A few weeks ago I was in sunny (mostly) Palo Alto, California at a Linked Data Workshop hosted by Stanford University, and funded by Council on Library and Information Resources. It was an invite-only event, with very little footprint on the public Web, and an attendee list that was distributed via email with “Confidential PLEASE do not re-distribute” across the top. So it feels more than a little bit foolhardy to be writing about it here, even in a limited way. But I was going to the meeting as an employee of the Library of Congress, so I feel a bit responsible for making some kind of public notes/comments about what happened. I suspect this might impact future invitations to similar events, but I can live with that :-)

A week is a long time to talk about anything…and Linked Data is certainly no exception.

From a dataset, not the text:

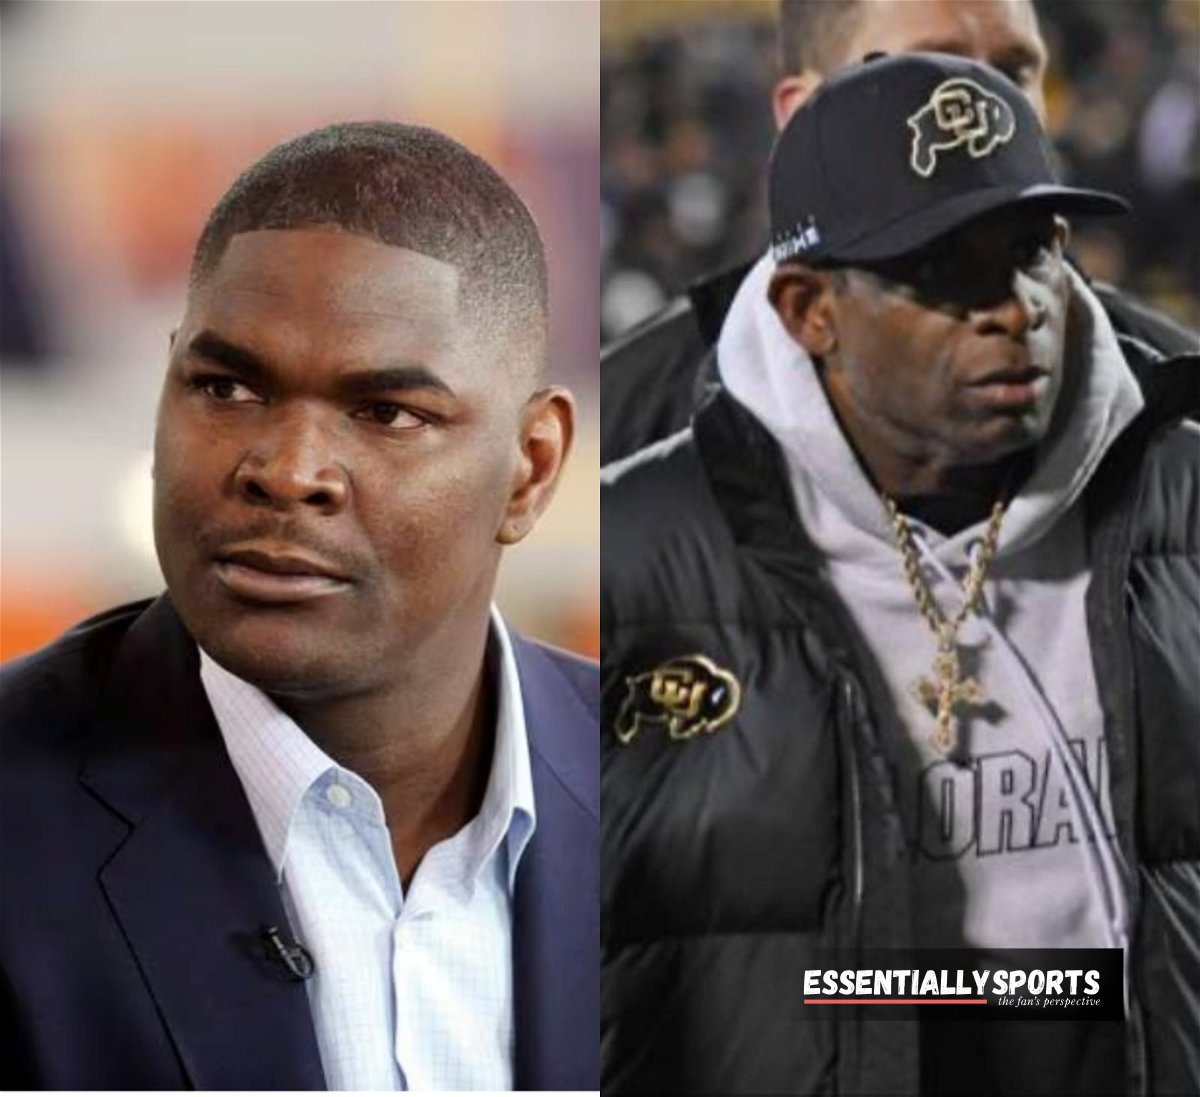 “This Is Why You Got Fired”: Fans Furious With Keyshawn Johnson’s Bold Prediction for Colorado, Accuse Him of Favoring Coach Prime

The conversation was buoyed by the fact that it was a pretty small group of around 30 folks from a wide variety of institutions including: Stanford University, Bibliotheca Alexandrina, Bibliothèque nationale de France, Aalto University, Emory University, Google, National Institute of Informatics, University of Virginia, University of Michigan, Deutschen Nationalbibliothek, British Library, Det Kongelige Bibliotek, California Digital Library and Seme4. So the focus was definitely on cultural heritage institutions, and specifically what Linked Data can offer them. There was a good mix of people in attendance: some who were relatively new to Linked Data and RDF, to others who had been involved in the space before the term Linked Data, RDF or the Web existed…and there were people like me who were somewhere in between.

A few of us took collaborative notes in PiratePad, which sort of tapered off as the week progressed and more discussion happened. After some initial lighting-talk-style presentations from attendees on Linked Data projects they were involved in, we spent most of the rest of the week breaking up into 4 groups, to discuss various issues, and then joining back up with the larger group for discussion. If things go as planned you can expect to see a report from Stanford that covers the opportunities and challenges that Linked Data offers the cultural heritage sector, which were raised during these sessions. I think it’ll be a nice compliment to the report that the W3C Library Linked Data Incubator Group is preparing, which recently became available as a draft.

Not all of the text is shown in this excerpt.